### [Task]
All lines at and after the one containing "豐臣秀吉賜名的鶯餅（御城之口餅），是奈良的代表銘菓。", up to the end of the listing below, are to be printed exactly, with the pictures omitted.

### [Data provided]
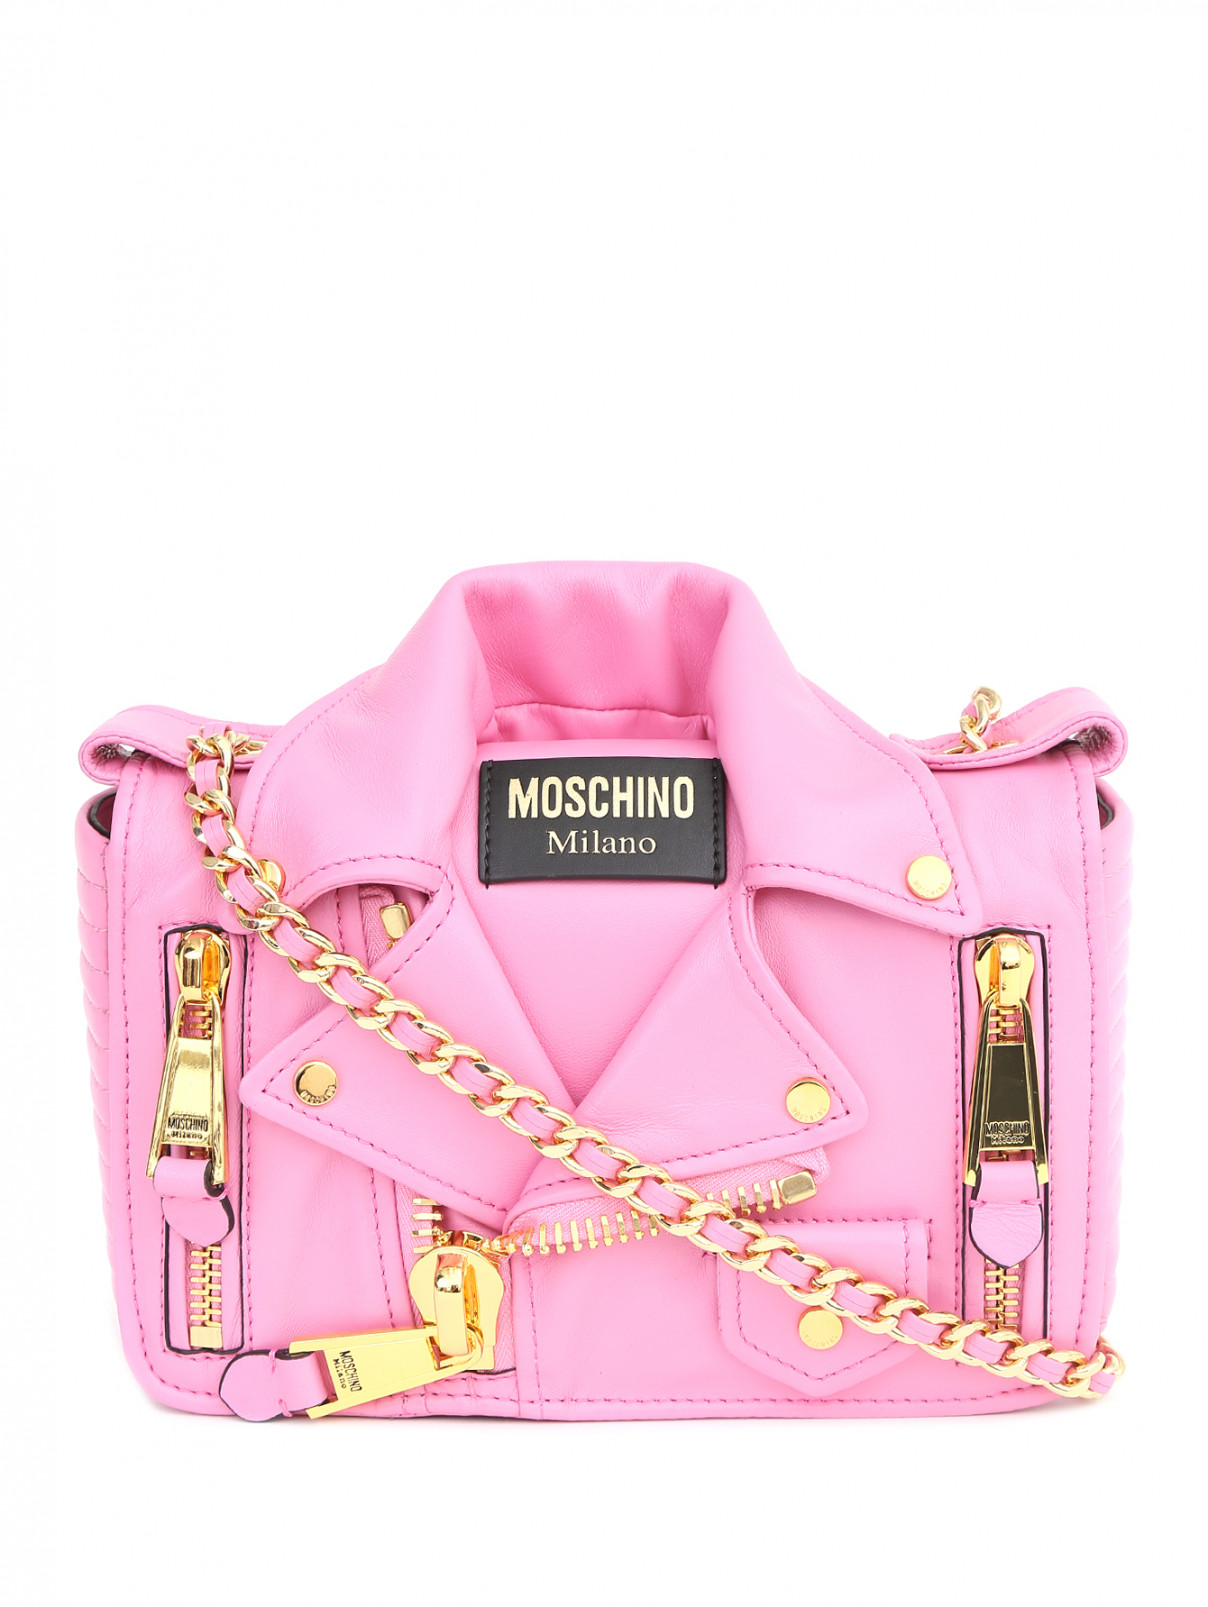 Сумка кожаная  на цепочке с фурнитурой Moschino Couture  –  Общий вид  – Цвет:  Розовый
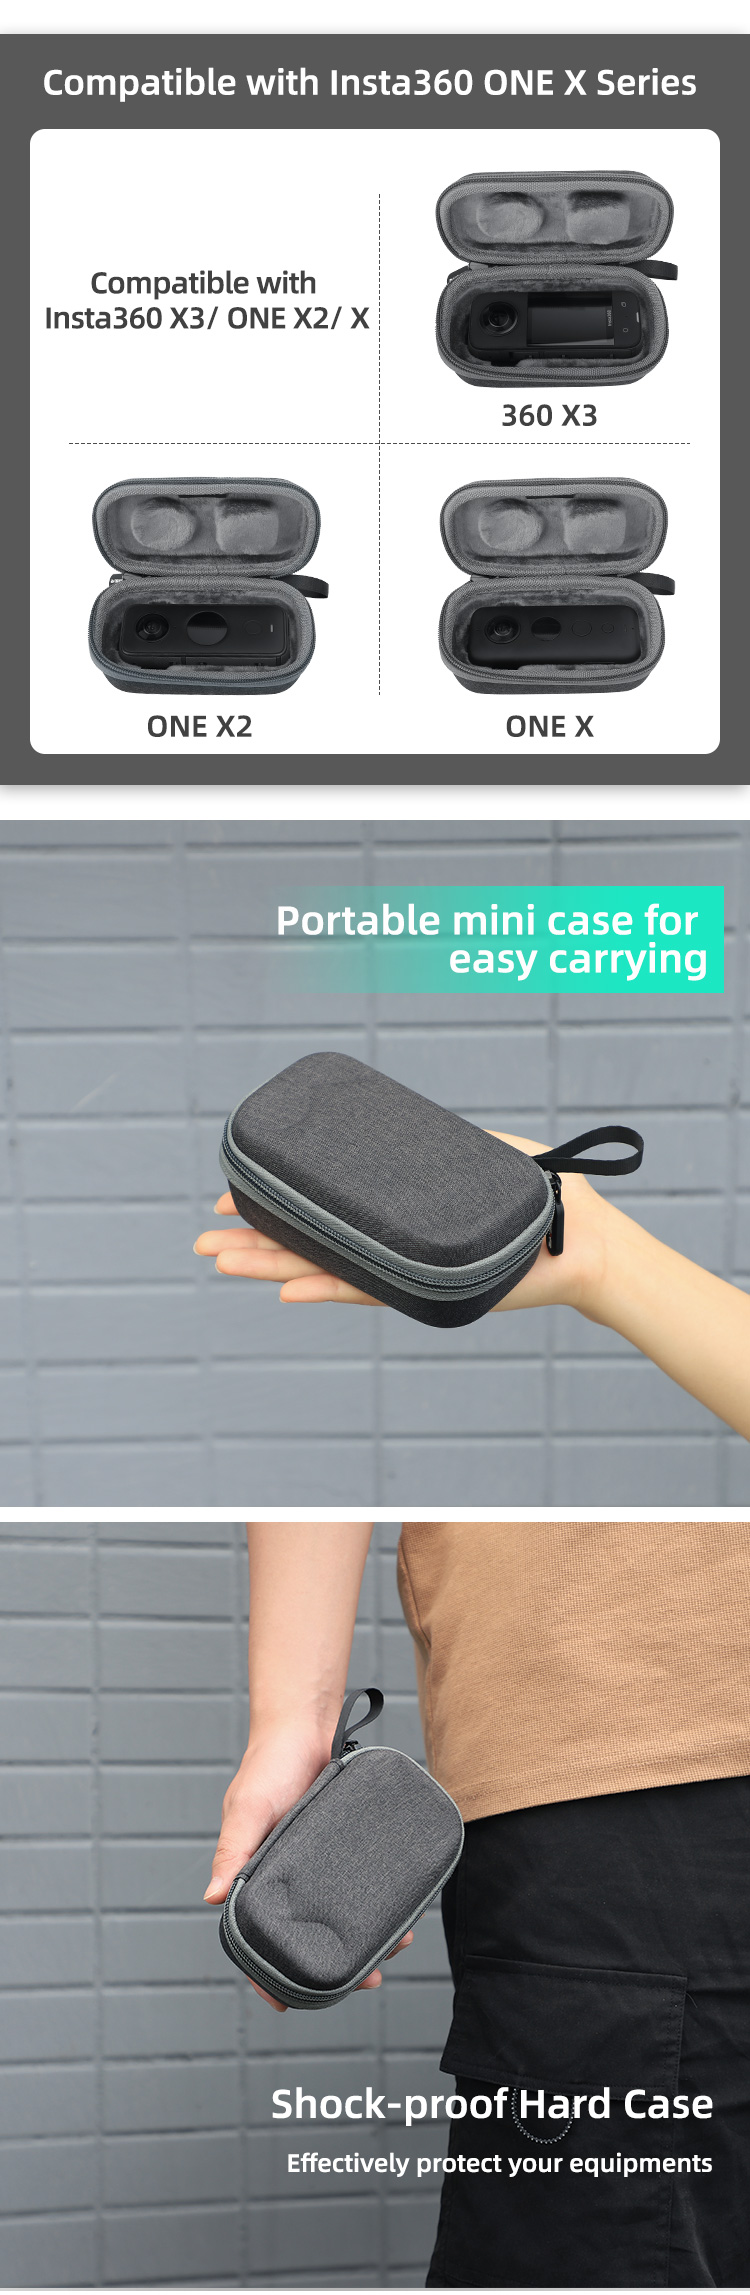 Sunnylife Carrying Case Combo Bag Hard Travel Case Large Capacity
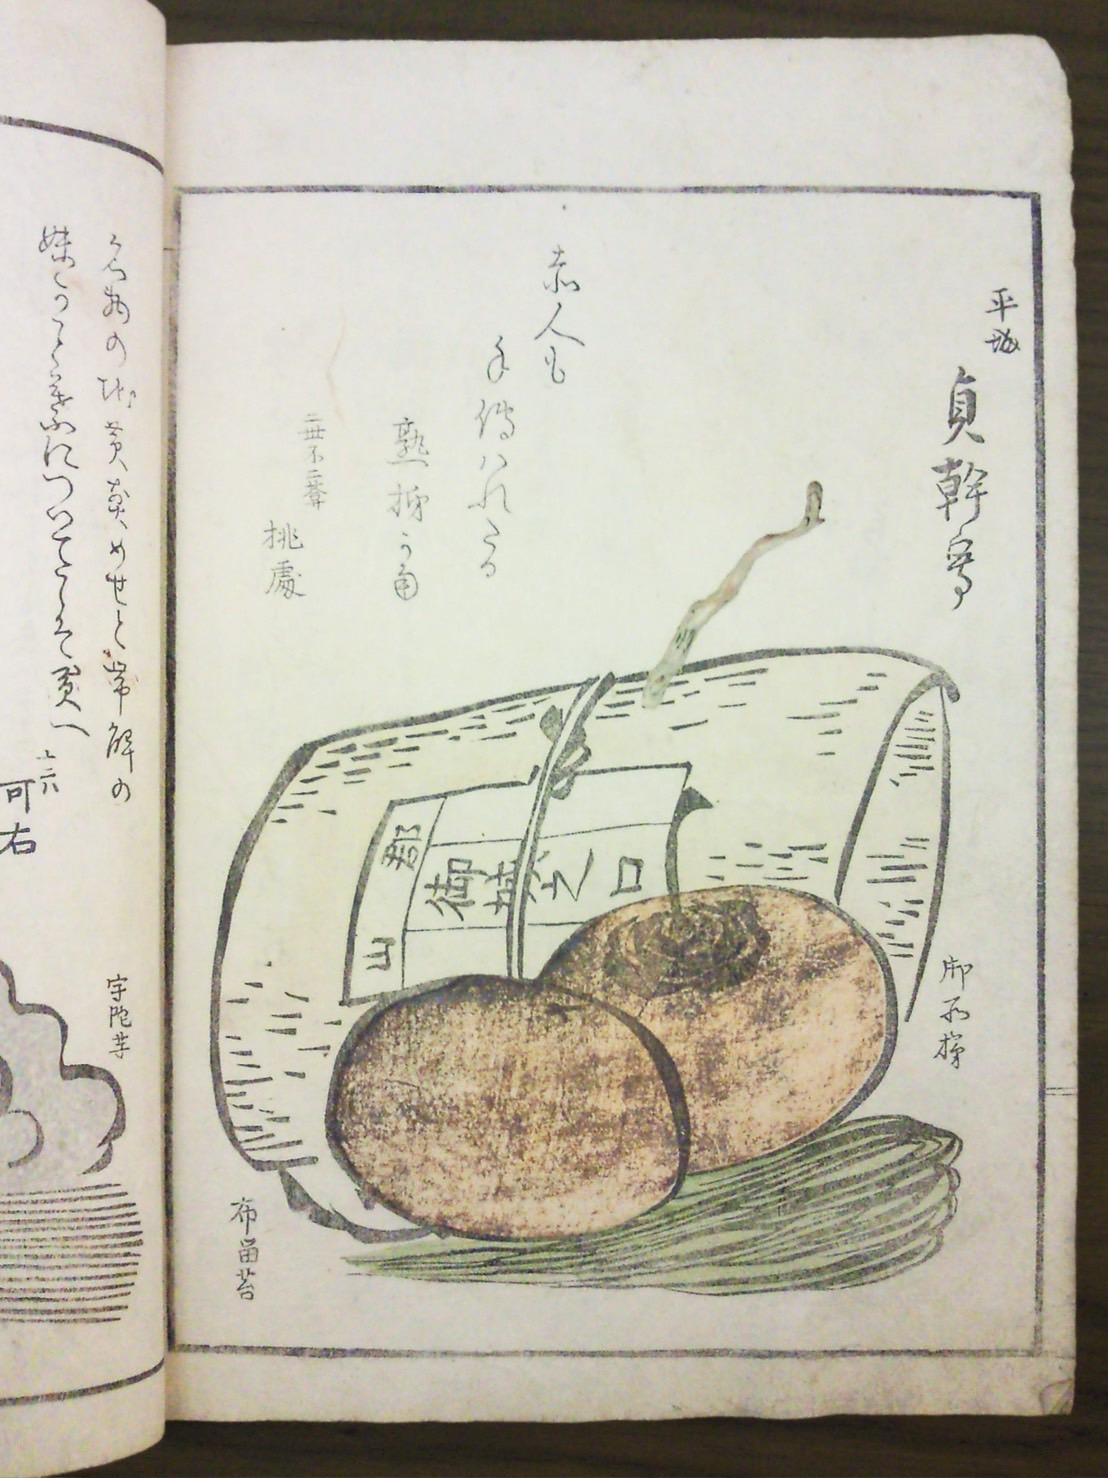 豐臣秀吉賜名的鶯餅（御城之口餅），是奈良的代表銘菓。
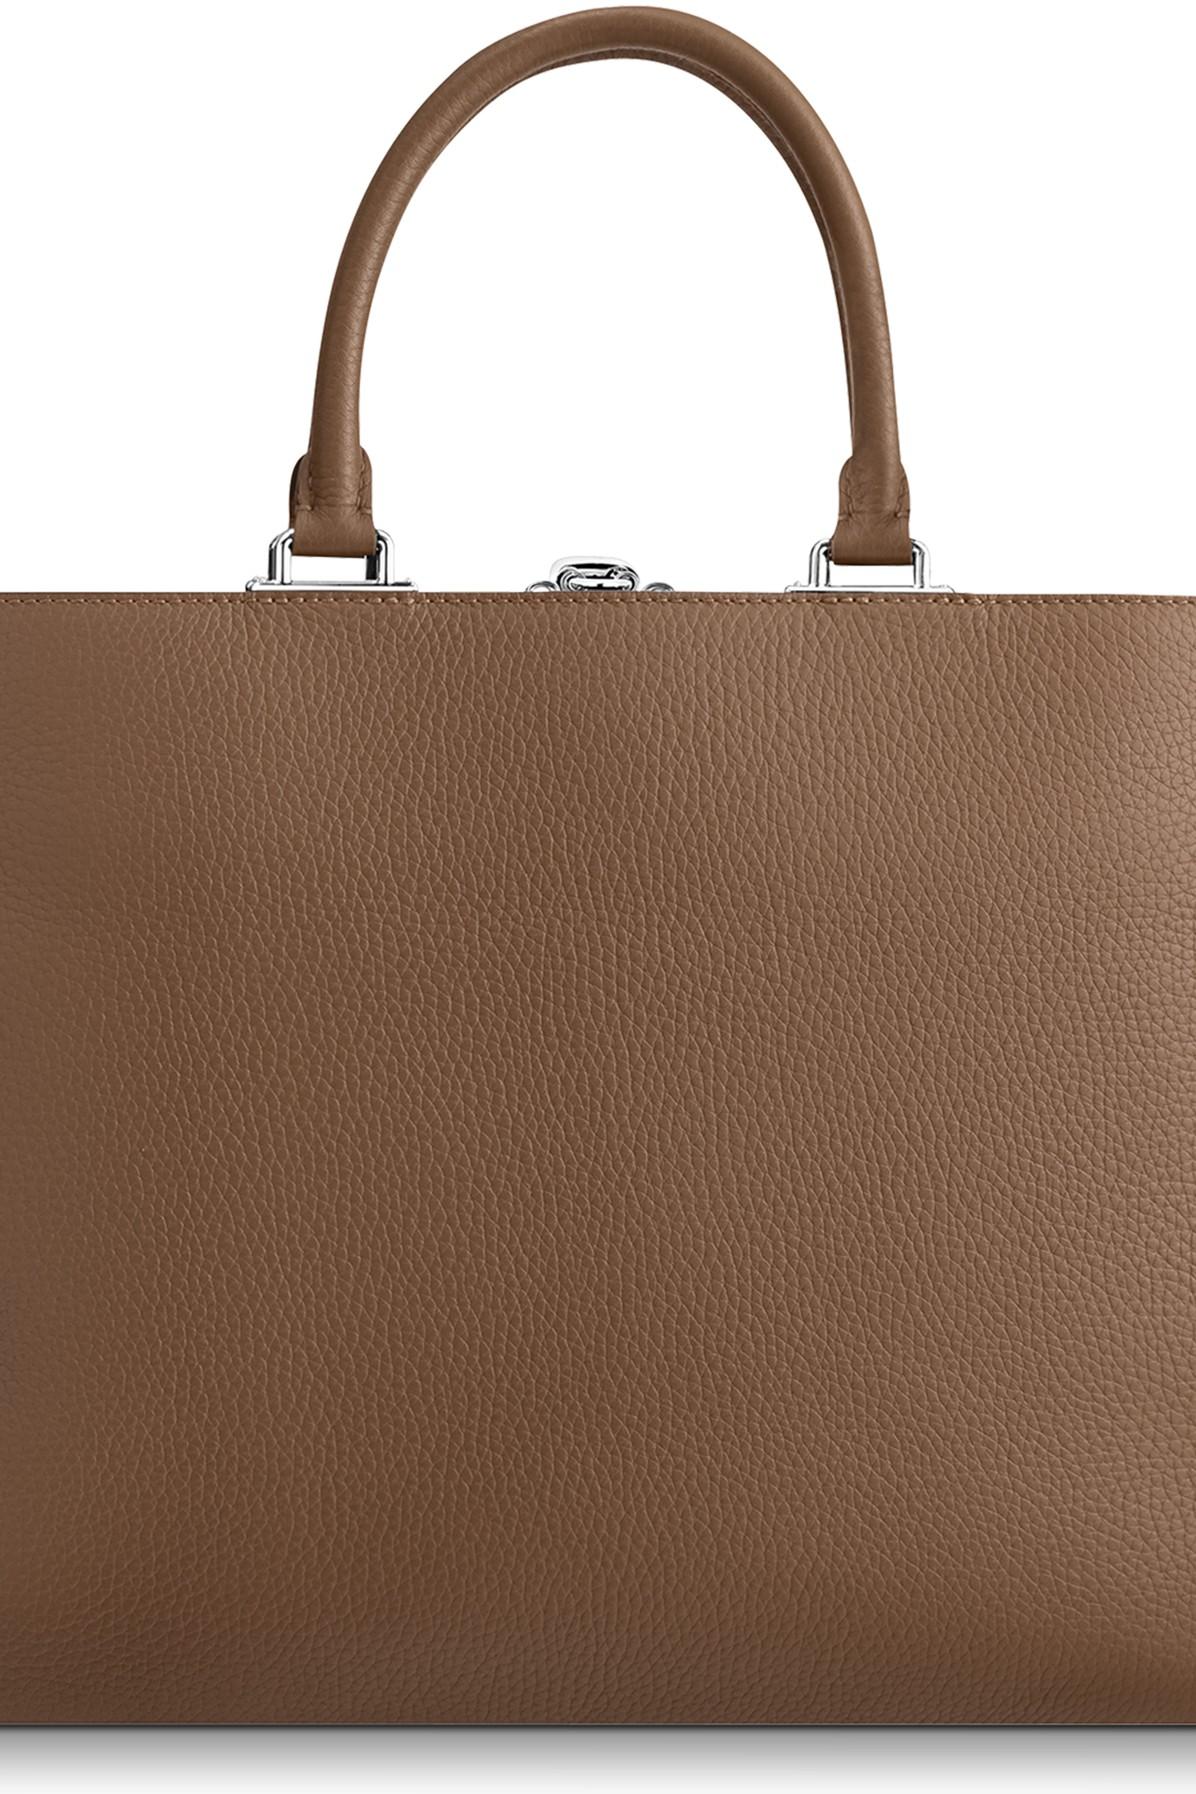 Louis Vuitton Havane Taurillon Leather Armand Briefcase Bag Louis

### [Task response]
 豐臣秀吉賜名的鶯餅（御城之口餅），是奈良的代表銘菓。
 Louis Vuitton Havane Taurillon Leather Armand Briefcase Bag Louis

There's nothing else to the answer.